New Cache Side Channel Attack Using Processor Speculation

Computing systems relies on privilege separation to protect memory of different processes. In simpler terms, a process can access memory pages mapped to its address space via MMU and it is the kernel which runs in privilege mode can do so.

Cache side channel attacks are not new. They have been demonstrated in various forms over the years. In the newer version, it is the processor speculation that is used in side channel attack.

Cache Access

Some points about cache hierarchy before go into the specifics of the attack:
  • Cache hierarchy is shared between processes. 
  • Cache is usually set associative. Cache is divided as sets and in each sets there will be multiple ways. When accessing the cache line, index part of the address is used to go into the set. Then a parallel search of all the ways are performed for the tag part to see if there is a match. If there is a match and the cache line is valid, we hit the cache
  • Cache can be indexed/tagged using physical/virtual addresses - four combinations
  • Cache level can be inclusive or exclusive


Figure above shows a 4-way set associative cache.  There is 256 sets in the cache so 8 bits from the address is used to select one. Once selected, any of the 4-ways can hold the line we are interested so 4 parallel checks are done for the tags and enabled by valid bits in the cache line.

Cache Side-channel Attack

Since cache is shared between processes, a process can manipulate lines in a cache ways such that it know what cache lines in the set is used used by victim process and what addresses are valid for victim. Flush and Reload is one of the side channel attack that is used in last level inclusive caches. It flushes all the cache lines and then reloads after the other process is run. If the access timing such that the memory is hit in the cache, we know the address is valid and victim process has loaded the cache into the cache.

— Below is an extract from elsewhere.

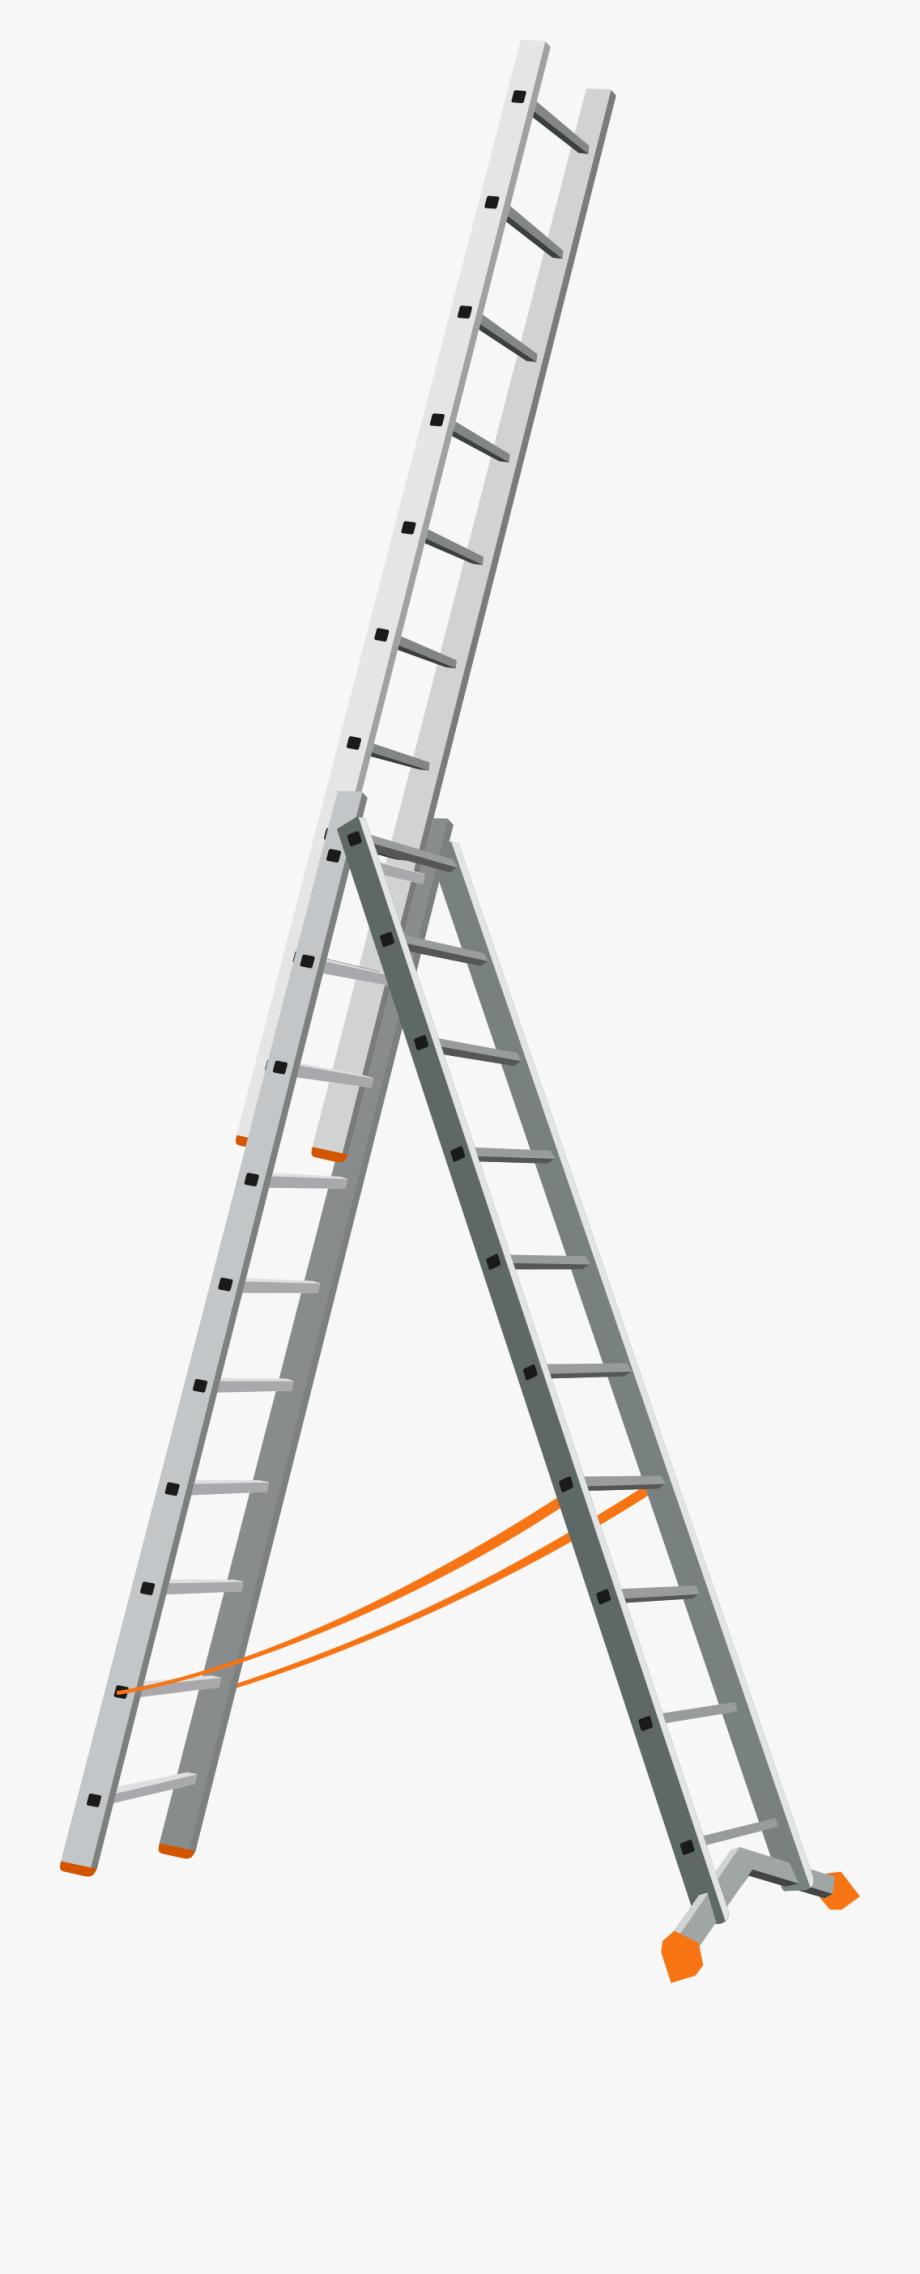 Ladder clipart extension ladder. Png

Using Processor Out-of-order Vulnerability to Access memory Belonging to Others

In the newer meltdown attack, speculative memory accesses of the modern processors are used to load the memory in flush and reload attack. That is, in the modern highly pipelined superscalar architecture, processor architects relies in speculative execution to keep the pipeline busy. They use branch predictors to predict not only the branch direction but also the address taken. However, the predicted path will be retired and committed only after the branch has actually been resolved. But as shown by the authors of meltdown attack, the cache memory state will be modified if the speculated path had memory loads and the prediction turned out to be wrong. That is memory hierarchy state is not rolled back.

When a process is executing the address space of the process has the user space and the kernel space mapped. However user space cannot access the kernel address space and require kernel privilege to access this. This usually happens via syscall interface.

We can have a process requesting a cache line along a path that will be speculated but not actually executed. This can be done in many ways like having a branch that will never be taken but by tricking the branch predictor into predicting in other direction to speculate. This can also be used with a preceding exception that will throw and handling this. All the details are in the paper which is a must read [1].

Examples from Google blog [4]


In simpler terms, this Speculative load can be used to load memory belonging to the kernel via kernel calls. For example if there is a call where we provide a buffer to read and an offset for some data structures and if the kernel will validate this offset before loading. Speculation can then be used to load the memory.

struct array {
 unsigned long length;
 unsigned char data[];
};
struct array *arr1 = ...; /* small array */
struct array *arr2 = ...; /* array of size 0x400 */
/* >0x400 (OUT OF BOUNDS!) */
unsigned long untrusted_offset_from_caller = ...;
if (untrusted_offset_from_caller < arr1->length) {
 unsigned char value = arr1->data[untrusted_offset_from_caller];
 unsigned long index2 = ((value&1)*0x100)+0x200;
 if (index2 < arr2->length) {
   unsigned char value2 = arr2->data[index2];
 }
}


For example, for the code above from [4], after the code is speculatively executed, by checking arr2->data[0x200] is cached or not will let us know what the value of arr1->data[untrusted_offset_from_caller]&1 is.

In kernel eBPF bytecode interpreter and JIT engine is used to create code like above and that is used to leak kernel memory. Complete information about the attack can be found in [4].

Kernel Page Table Isolation (KPTI) 

Kernel page table isolation from user space is proposed as a way to prevent this attack [2][3]. Since this is a hardware issue, fixing this in software is costly in-terms of performance. It has been reported that some of the syscall heavy applications can suffer significant performance losses. We live in a world where isolation is very important especially when cloud and virtualisation are the norms and preventing access to one users data fro the other is very important. So this is a necessary thing to do even if the performance penalty is significant.


Reference:

[1] https://meltdownattack.com/meltdown.pdf
[2] https://lkml.org/lkml/2017/12/4/709
[3] https://gruss.cc/files/kaiser.pdf
[4] https://googleprojectzero.blogspot.com.au